The ever-brilliant and forgivably Canadian Mark Steyn makes a rather startling observation today: America's romance with the most left-wing candidate since McGovern (at least) — comes at a time when the rest of the Western world is tilting further to the right than they have in a generation:
If Obama is elected in November, at G7 meetings, for the first time since they began, America will have a more left-wing leader than any other member of the group - Canada, Germany, France, Italy, Japan, and Britain (and that's before Gordon Brown loses to David Cameron). Right-of-center government throughout the western world — except Washington.Strange days.
3 comments:
Some of us used to say in Wisconsin that we were, on average, five years culturally behind the two coasts. It wasn't something we congratulated ourselves for, being Midwestern liberal snobs.

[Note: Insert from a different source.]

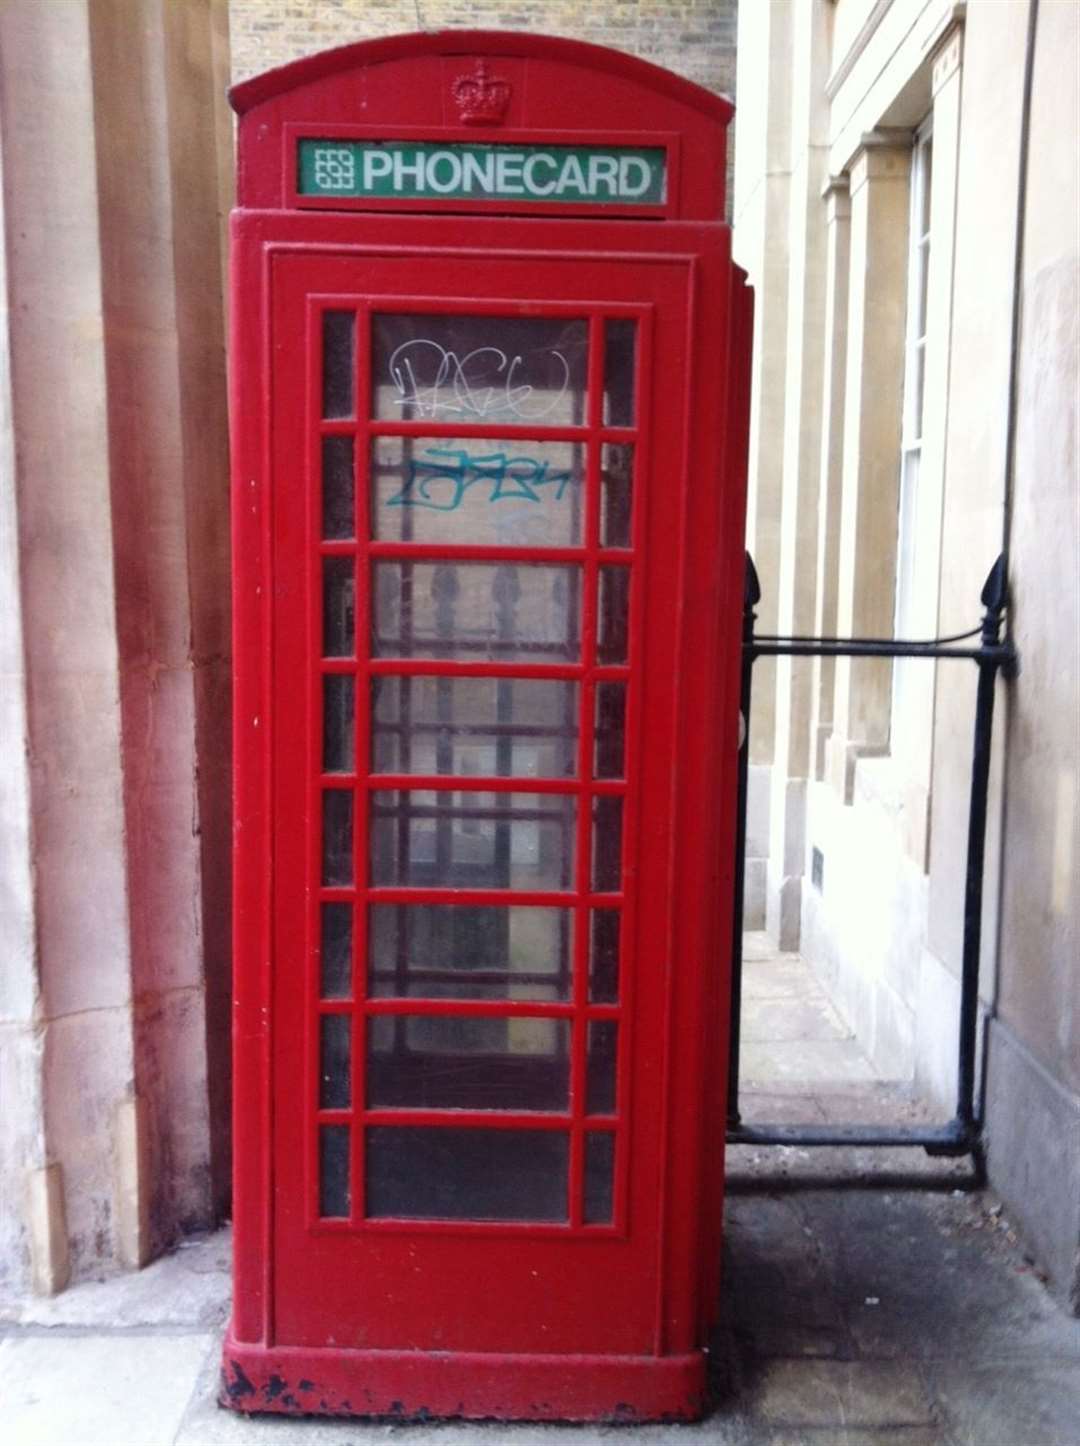 The phone box is outside the Old Town Hall
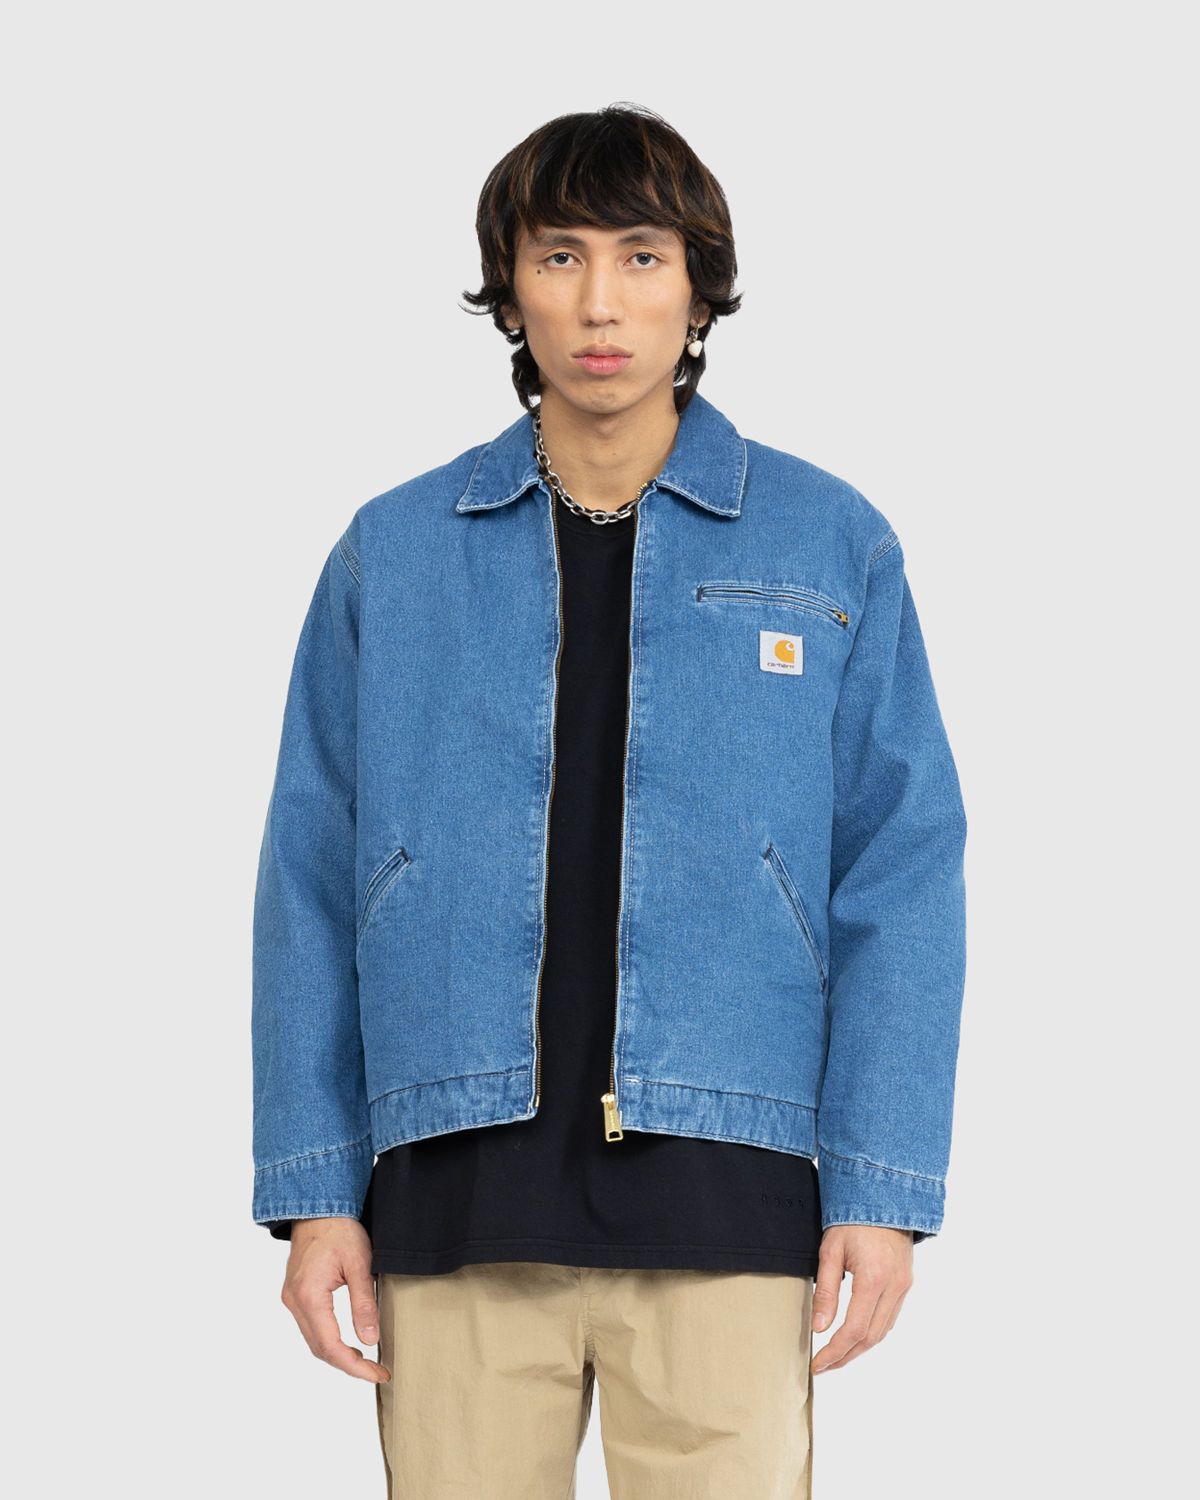 OG DETROIT JACKET / CARHARTT WIP / BLUE STONE WASHED - Spoon Clothes

Those days are blessedly passed. There isn't a lot about the culture of the coasts I admire any more.
But here we find ourselves, five years politically behind Europe. It appears that the people of Europe may be getting their fill of Brussels-style international fascist politics, and are fighting back.
I suppose now that we are fully attached to the government teat, that the glow of free money will have to rise and fade and the warning signs of all those attached strings willhave to begin to make us uncomfortable. Let us hope so.
I don't know if that's really true that Obama would be even in the liberal half - Obama's proposed health care plan isn't even as ambitious as the very popular and politically untouchable socialized health care systems in many other countries. Same with other entitlement programs, when compared to Europe.
While I agree that the rest of the developed world is experiencing some backlash against its more liberal political parties, I still see it more as us meeting them somewhere in the middle.
We're talking about people, though, not policies. Obama's not going to be able to take America further to the left than the rest of the G7, nor will the center-right leaders of those countries take them to the right of America. You're right that those the other leaders would never have the political support to roll back their countries' liberal policies, just as Obama will (probably, hopefully) not have enough to take America to where they are now. But political pragmatism aside, just looking at each leader as an individual, I think Steyn's statement stands.